林也低头看了眼手中小巧精致的玻璃器皿,里面是透明无色的粉末,大约有一个指甲盖的容量。
他捏在手心转了转,抬眸睨了眼易听双,在她刺眼的笑容下漫不经心的把玻璃器皿收进了袖中,缓慢笑道:“好,就如大小姐所愿。”
…
宴会进行的异常顺利,南平此次来的目的也已经完成,带着沈裕川结识了不少排名靠前的世家从商主领人。
不过她倒是也没想过会这么快就和林也碰上,原本以为这种大型商会,邢少霖不可能让对方出来活动呢。
看样子,林也此次回归,背后的力量不可小觑。不然才这么短的时间,邢少霖就有些压不住了。
“小姐,要不要我去跟他谈谈?”沈裕川自然而然地把南平护在身后,面无表情的注视着对面的男人,眼神有几分不屑。
“不用了,他既然主动过来,那便是来找我的。”南平摇头,轻抿着嘴唇笑笑,把手放在沈裕川的肩上拍了一下,沈裕川便瞬间领会了她的意思,犹豫片刻,即便心下再怎么想把林也弄死,也还是顺从的让开了身。
林也自然也注意到了两人的默契举动,他眼神一暗,原本的假笑僵在了脸上,莫名冷了眸。
注视着那朵摇曳生姿的玫瑰逐渐靠近,与梦境中的璀璨笑靥重叠,他心口便难以自持的心悸和止不住的疼痛,猛烈的交替着。
“林也,好久不见了。庆幸你还活着,我真的很开心。”南平走近他身前,伸手轻轻碰了一下他的右脸,注视着他的瞳孔里,仿佛只倒映着他一人的身影。
那张白净无暇的面容上,发自真心的笑容不似作假。
“你……”他话还未说出口,南平的食指便轻轻抵在了他的唇上,她神情在一瞬间变得担忧复杂起来,“别说了,我都知道你一定受了很多苦才又回到南门行。不过没关系,事情总算都过去了,天马庄也随时欢迎你回来。”
说完,她便霎时抽回了手,还未等他有所反应,错身而过,丢下一句:“我们还有事,就先走一步了,下次你来天马庄园再叙旧吧。”
林也见她要离开,立时想要转身抓住她的手腕,却被身后的沈裕川先一步扯开了胳膊,“林先生,公众场合下,这种行为怕是不妥吧。”
林也猛地甩开他的手,抬眸与沈裕川对视的眼里笼罩的尽是阴霾,他咬牙:“沈裕川……”
沈裕川嗤笑打断,拍了拍他的肩膀,“嘘——我知道你想说什么,我等着呢,随时恭候。只不过,你也最好小心点,若是敢打小姐的主意,就不是之前受伤那么简单了,好自为之吧。”
望着两人一前一后离开的身影,林也不自觉握紧了手,随后垂下眸又松开,露出一抹诡异的笑容。
没关系,一切都在计划中内。
第261章 Chapter 261 陷害
南平香肩半露, 一身纯白素色礼服,将她纤细的身材勾勒得越发玲珑有致,礼服后侧是镂空设计, 露出一截光洁的美背,被一张香槟色的披肩所掩盖, 有犹抱琵琶半遮面之美。
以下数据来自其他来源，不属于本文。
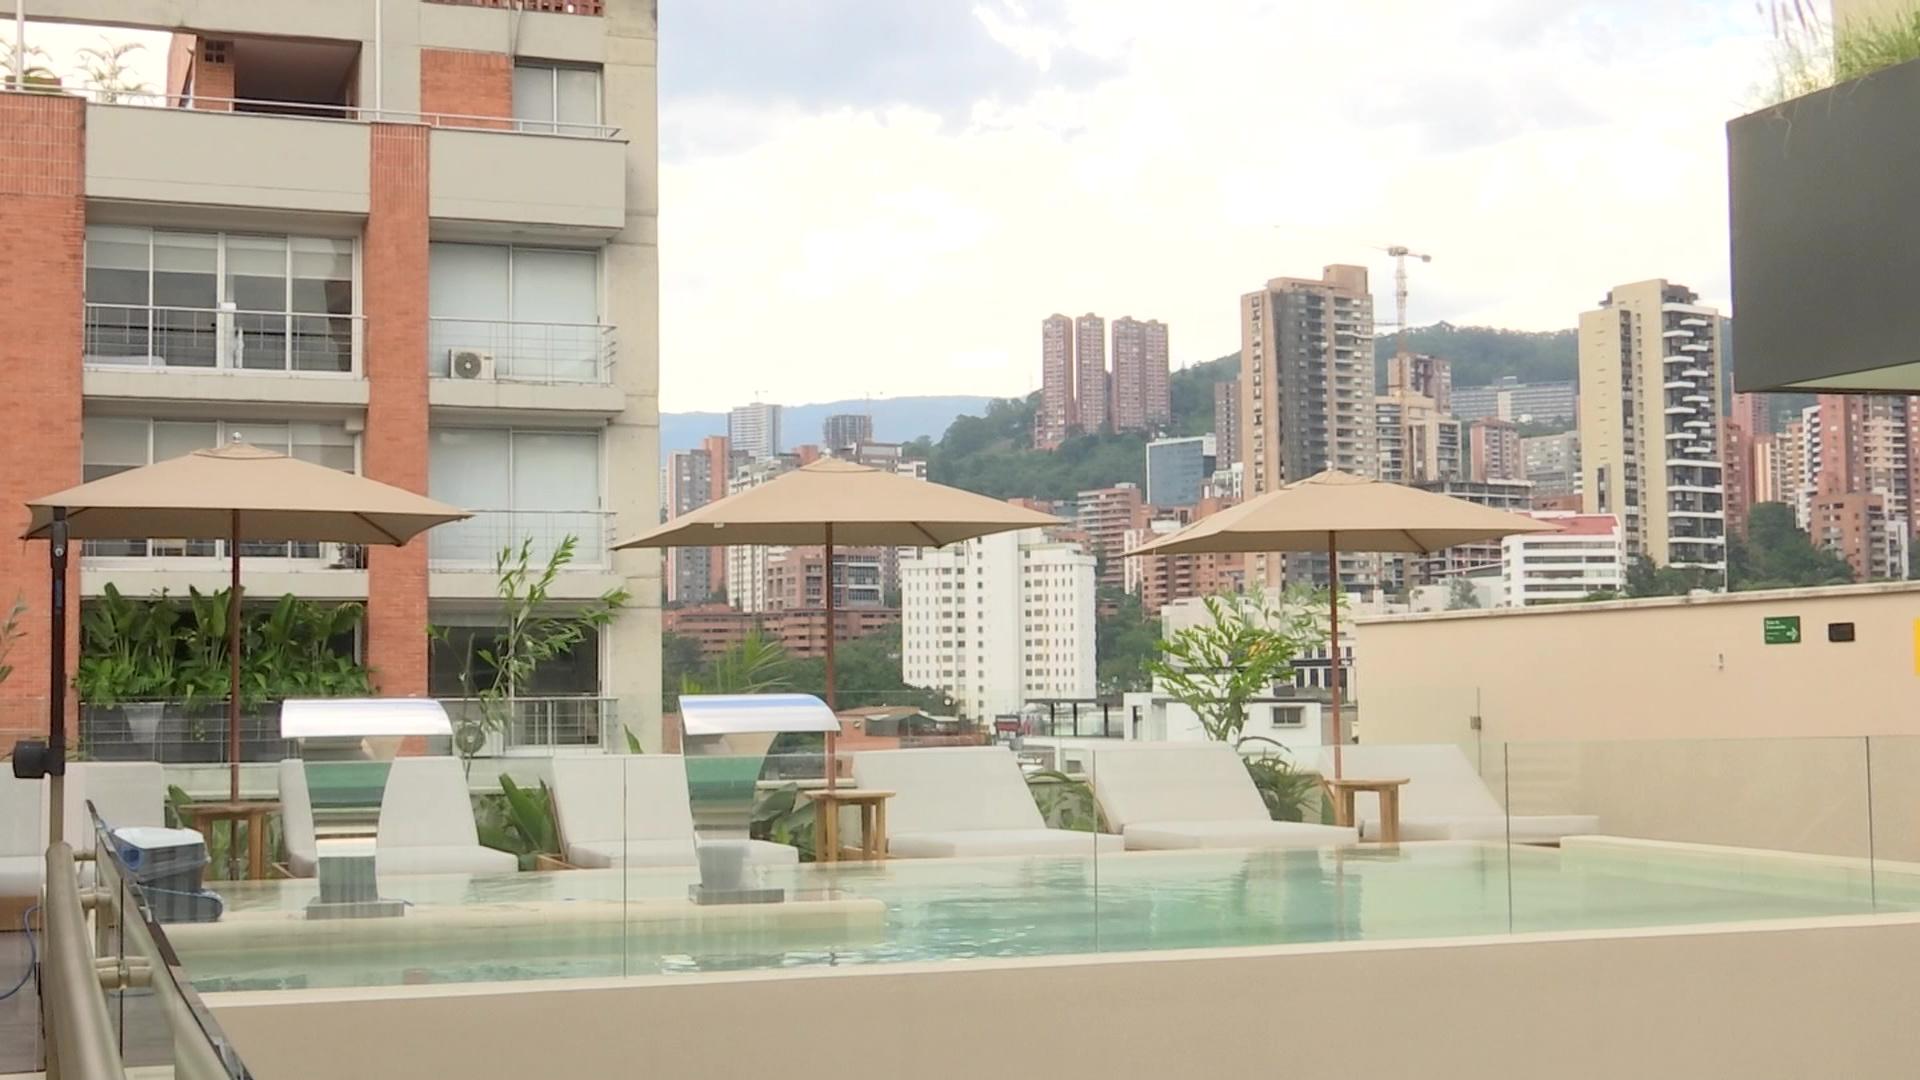 Hoteles lujosos, la nueva tendencia en hospedaje

高绾地黑发与礼服相得益彰,血红色的宝石耳坠随着轻移的脚步幌出幽幽光泽,更将肌肤衬得犹如凝脂一般。
在刺目的水晶吊灯下更加耀眼夺目, 宛如盛开的一朵娇俏清丽的白莲。
她轻提着晚礼服的裙身, 踩着一双高定缓缓而下, 沈裕川跟在后面, 自然而然地递上手臂,让其攀着, 保持平稳。
“小姐,瞧着林也的样子,像是不会善罢甘休的。”沈裕川淡声,故作一副思虑的模样。他想试探一下南平如今对林也的态度。
“怎么, 你害怕不成?”南平轻轻睨了他一眼,她的声音如莺啭鸟啼, 煞是动听,可细听之下,却有几分恶劣。
沈裕川停顿一秒, 眼神垂了下去,“自然不是, 我是担心他对您不利。”
“哦?”
南平视线在他面容上缓缓打了一圈照面才漫不经心的挪了开,目视前方,笑了笑:“你别担心我, 他现在的实力对我还构不成威胁。更何况,比起对付我,他应该会想着怎么先把你给除去,不过我相信你的能力,对付一个林也,应该不成问题。”
“是,必然不会辜负小姐的期望。”沈裕川点头,随后他抬眸,缓声道:“我只怕到时动起手来,您会……”
“你担心我会于心不忍?”南平勾唇,“那你就不要干我会于心不忍的事不就好了。”她下了最后一层阶梯,顺势也收回了附在他手臂上的那只手。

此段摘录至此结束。